[whatwg] A comment to character encoding declaration

Wed Mar 5 06:36:47 PST 2008

On 03/03/2008, Jjgod Jiang <gzjjgod at gmail.com> wrote:
>  During the development of CJK information processing, many
>  text encodings is just a strict subset of another one, for
>  example, GB2312 is a subset of GBK, GBK is a subset of
>  GB18030. For compatibility purpose, a lot of web pages used
>  character encoding declaration like this:
>
>  <meta http-equiv="Content-Type" content="text/html; charset=gb2312">
>
>  in their header, yet they might use characters in GBK but
>  not in GB2312. So, I think we can suggest clients to simply
>  treat encodings like these as their biggest superset, for
>  instance, treat GB2312 as GB18030.

Out of 130K pages from dmoz.org, I see 760 which are declared as
gb2312 (by HTTP Content-Type, <meta content>, etc).

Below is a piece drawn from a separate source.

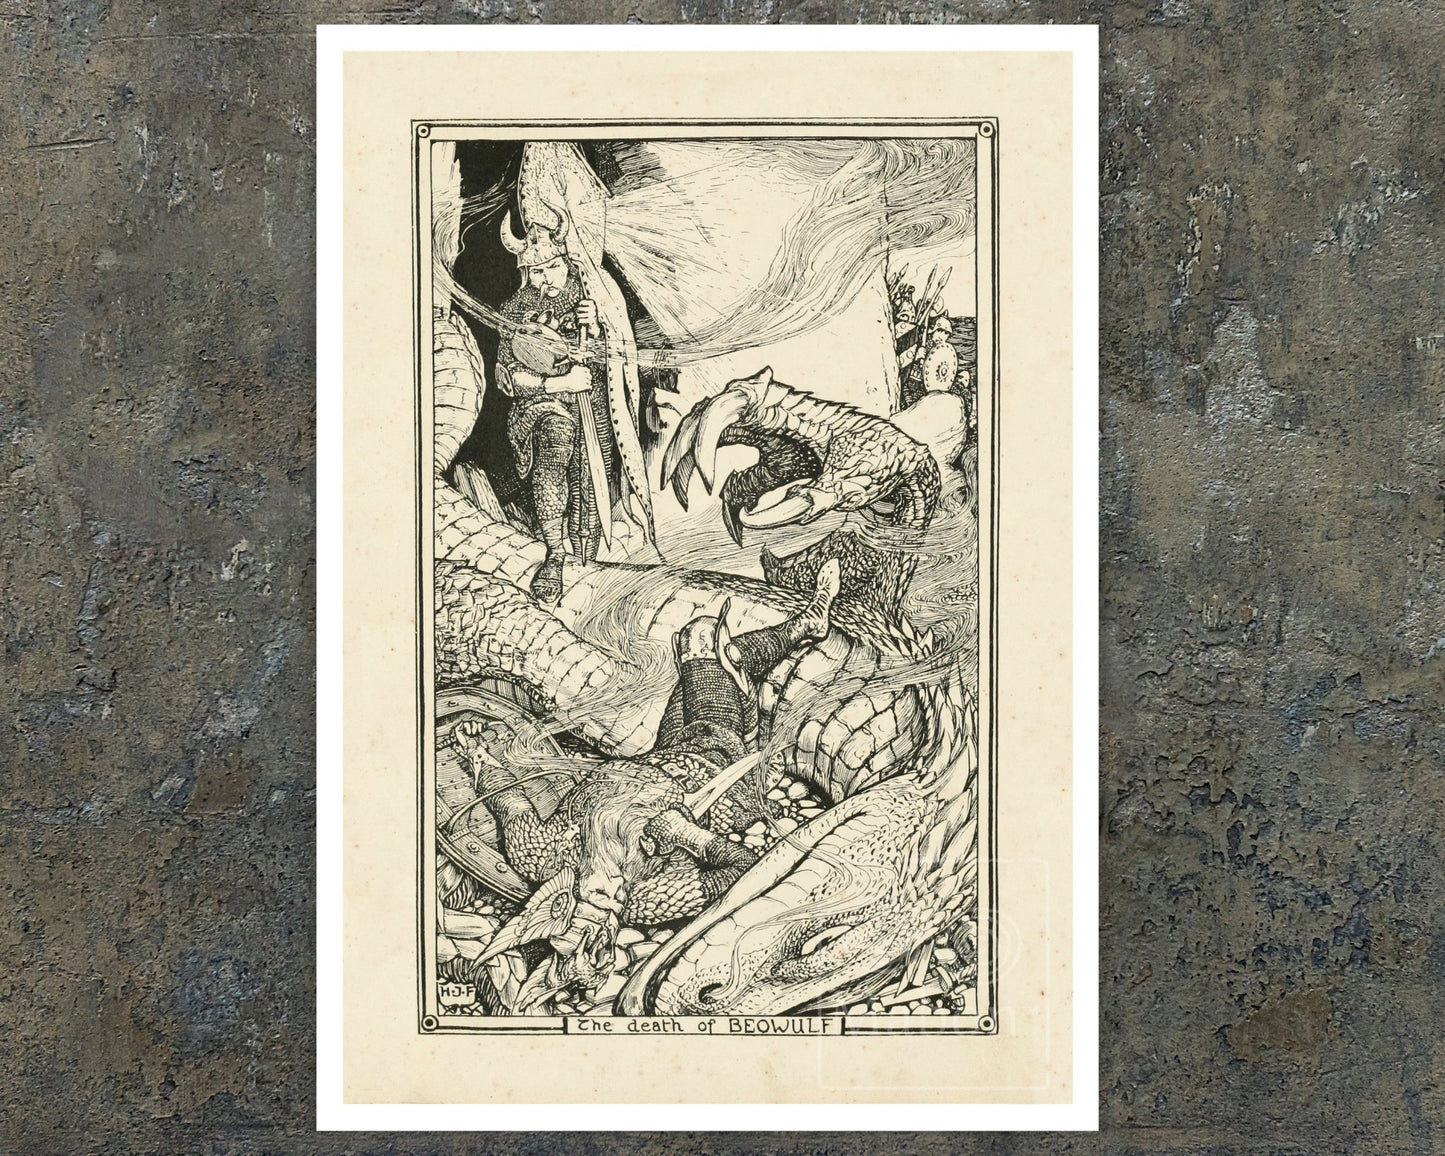 Henry Justice Ford "The Death of Beowulf" (c.1899) - Mabon Gallery

Of those 760, 120 cause decoding errors in ICU4J when treated as
gb2312. 8 cause errors when treated as gbk, and the same 8 cause
errors as gb18030.

Those 8 are:
http://www.bigm.com.cn/dinosaur/anecdote/
http://www.ccpc.edu.cn
http://www.gdoverseaschn.com.cn/
http://www.jgbr.com.cn
http://www.liechebuluo.com
http://www.netbro.com.cn
http://www.tkdts.com
http://www.wuxi-accp.com/
and I haven't tried working out why they are causing errors.

The 120 are listed at
<http://philip.html5.org/data/gb2312-errors.txt>. I don't know how
many are really using gb18030, and how many are not actually gb* but
happen to be decoded without errors because they use compatible byte
sequences; but it does look like gb2312 is a fairly significant
problem if it's not treated as gbk/gb18030, so it would be helpful to
suggest/require it to be processed specially.

-- 
Philip Taylor
excors at gmail.com